I have shot numerous injured deer with a .40 caliber-- many in the head. I am always surprised at how many require more than one shot compared to just about anything else I have shot them with. 


T


----------



## GunnSmokeer

*25 yards*

I suppose it would work, at distances of 25 yards or less, assuming you can reliably keep a 5" or tighter group at those ranges.
I'd use a bullet that doesn't expand all that much, just widens or mushrooms a bit and keeps together, retaining nearly all its weight.

But why use such a marginal caliber from such an inappropriate type of pistol?  (short barrel, long trigger pull, crude sights compared to most hunting guns...)

You could legally hunt deer with Baby Browning .25 acp, but WHY?  Just to see if you can?


----------



## Sniper62

My Glock 35 does not have a short barrel,crude sights or bad trigger.


----------



## Sargent

Just remember what the .40SW is...

It is a low recoil (lower energy) version of the 10mm.

...and no, you can't shoot 10mm ammo through a .40SW


----------



## GunnSmokeer

*35 better*



Sniper62 said:


> My Glock 35 does not have a short barrel,crude sights or bad trigger.



Your Glock model 35 has a 5.5" barrel instead of 4.5" correct?  Okay, so it's better than a Glock 22.
But they're still SHORT BARRELS compared to other hunting handguns.  People tend to use 8" barreled revolvers, or break-open single shot pistols with 10" to 14" barrels.
Five inches is short for a hunting gun, even if it's not short for a duty-carry or concealed-carry gun.

Are your sights crude?
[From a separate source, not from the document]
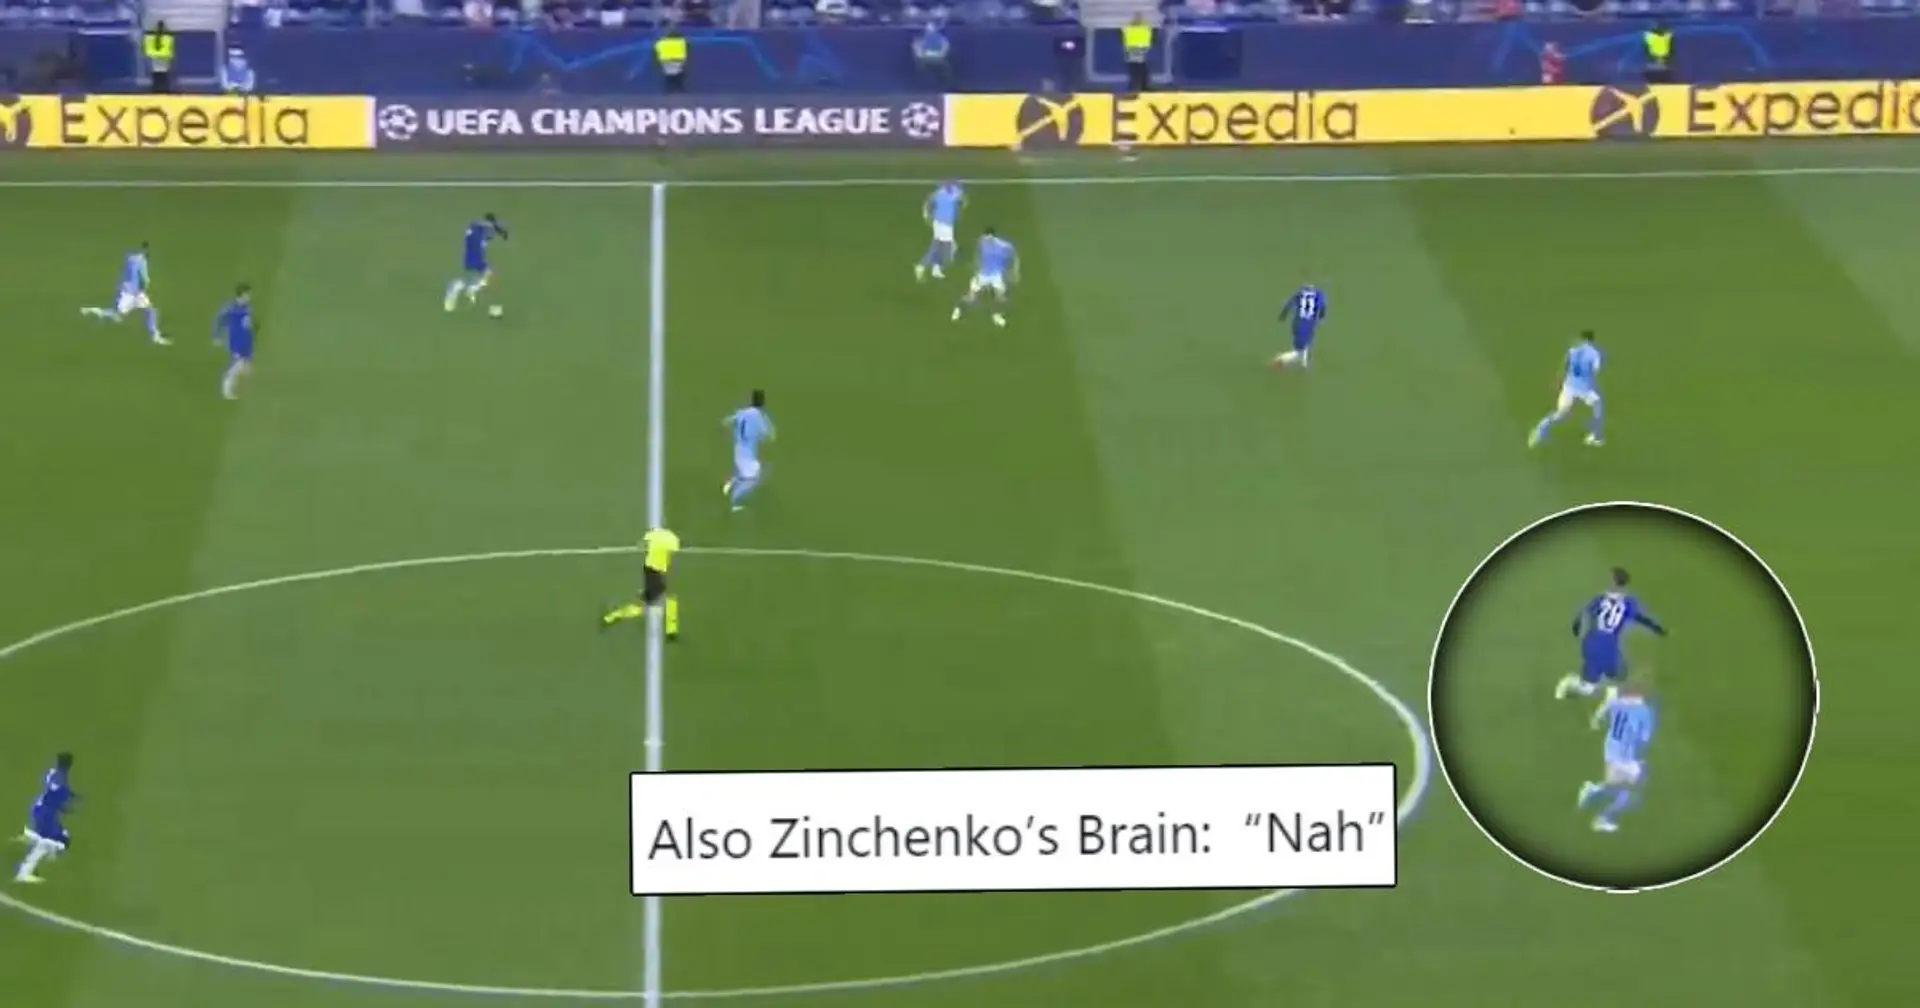 Il difensore del Man City Zinchenko criticato per la sua marcatura "pigra" in finale di Champions League

You bet. Crude compared to 95% of other hunting guns out there. No comparison to rifle sights, even iron sights. Does your Glock 35 wear optics? A red dot sight?  Okay, well that changes things.  
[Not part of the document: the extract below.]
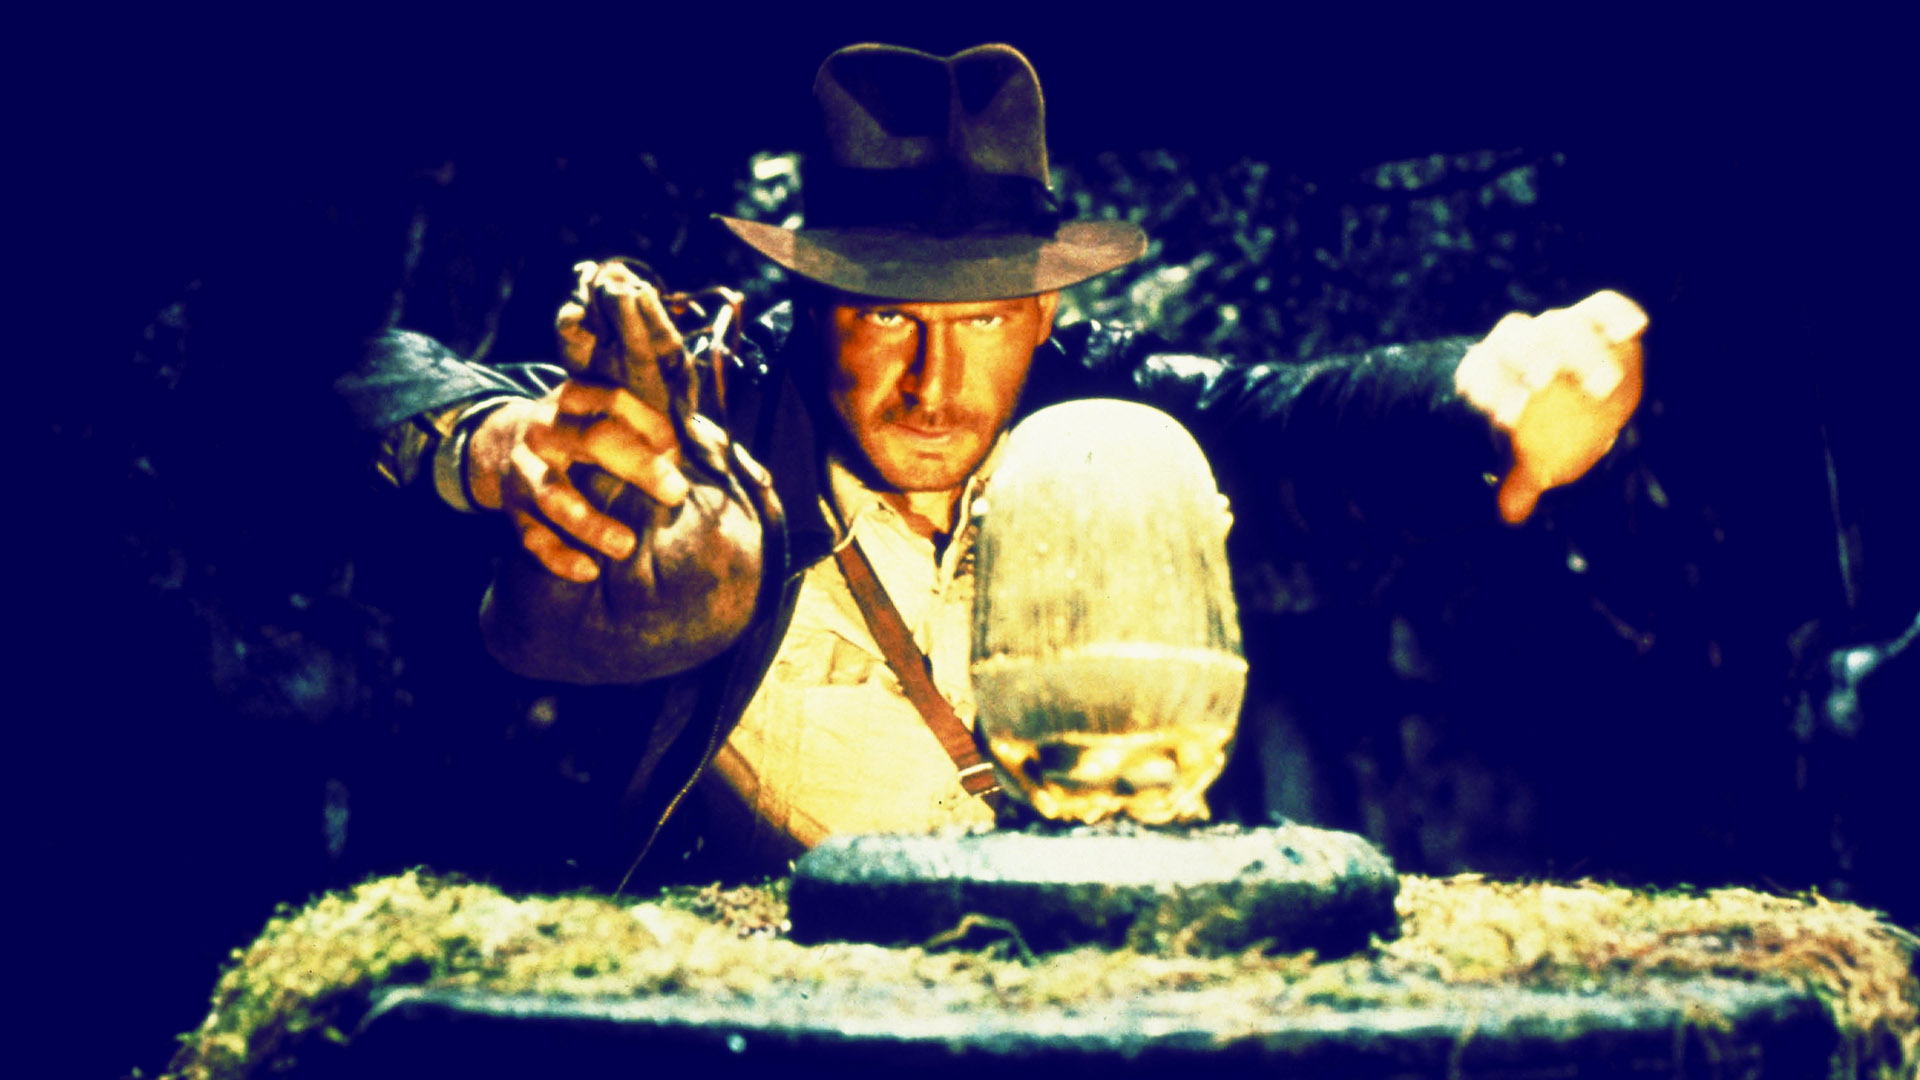 Indiana Jones volverá el 19 de julio de 2019 Son los ochenta, siguen volviendo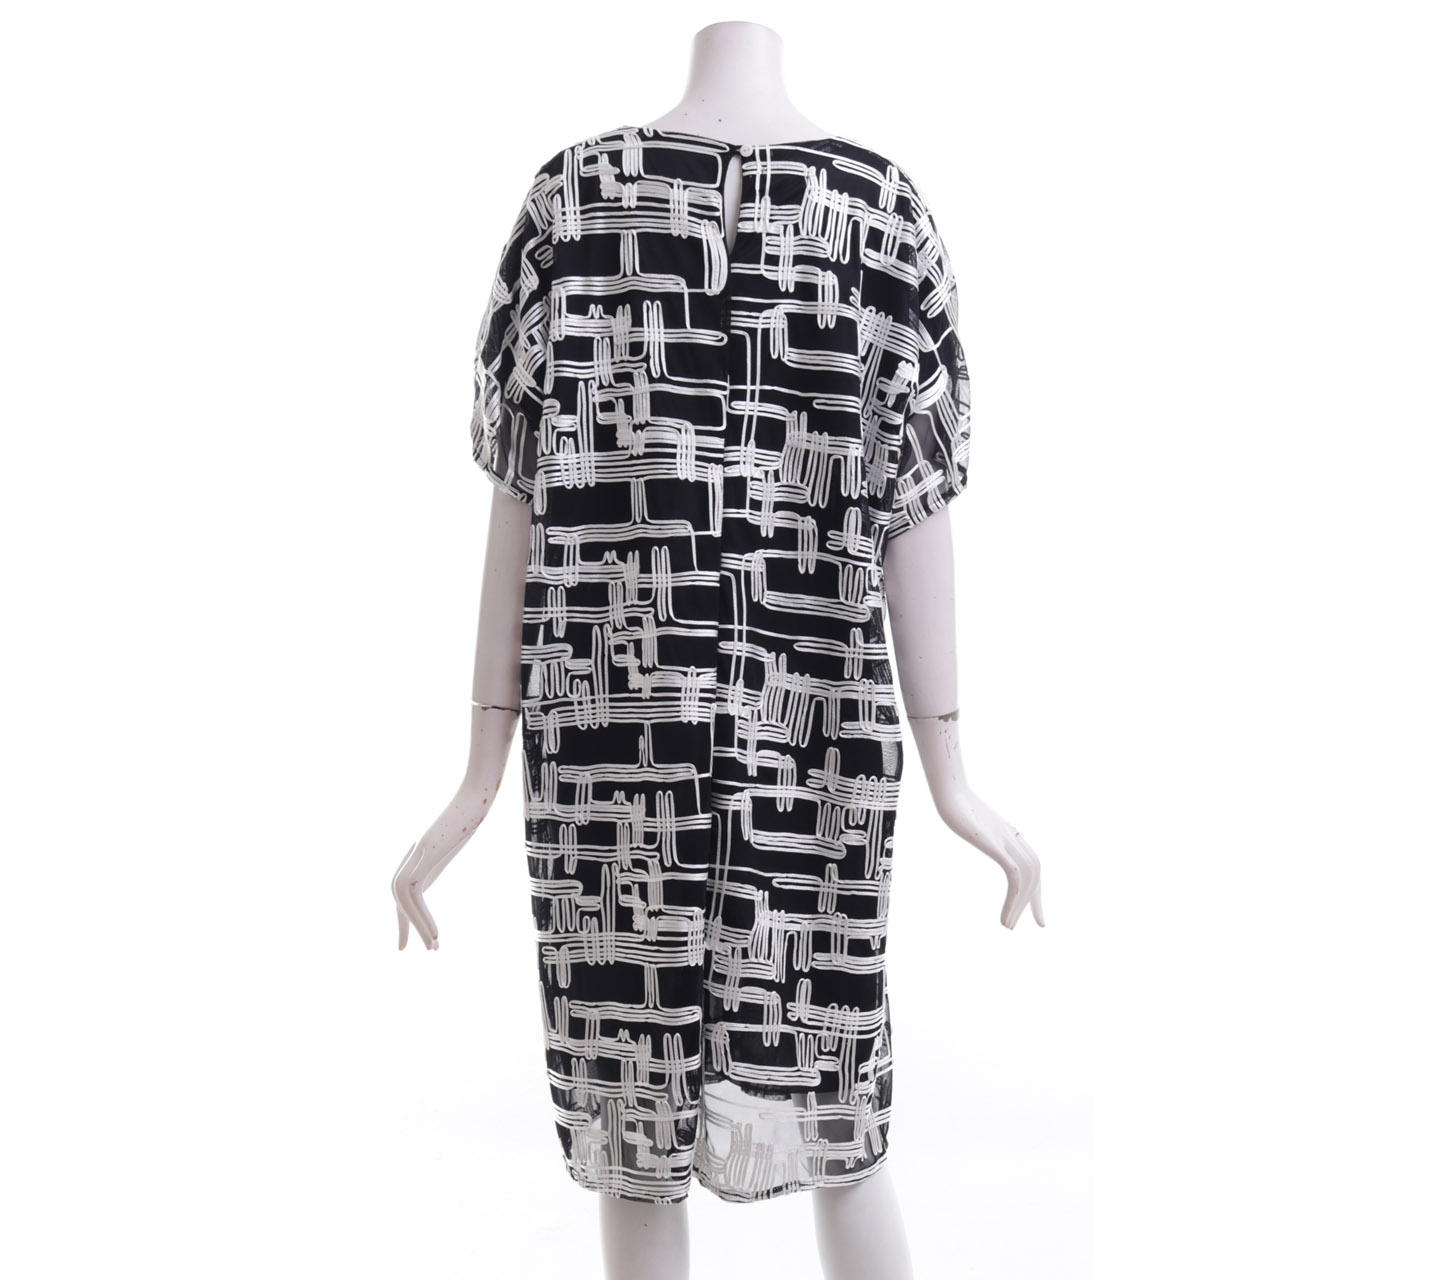 Kyva Black & White Patterned Mini Dress

Is your trigger pull twice as heavy as a typical hunting rifle, or shotgun, or the single-action pull of a revolver?  Does it move something like half an inch in its range of travel, instead of 1 millimeter?   Then I'd say your trigger is "bad" for a hunting gun, even though it may be good for an action pistol gun, considering the speed and distances that those games are played at.


----------



## Randy

Throwback said:


> I have shot numerous injured deer with a .40 caliber-- many in the head. I am always surprised at how many require more than one shot compared to just about anything else I have shot them with.
> 
> 
> T



you should practice a little more.


----------



## pinehtr

Taken with a glock 26 124 gr. gold dot. apr 125lb one shot to the ribs.


----------



## guntrader33

pinehtr thats what im talking bout man any everyone said it cant be done cant agree with a photo


----------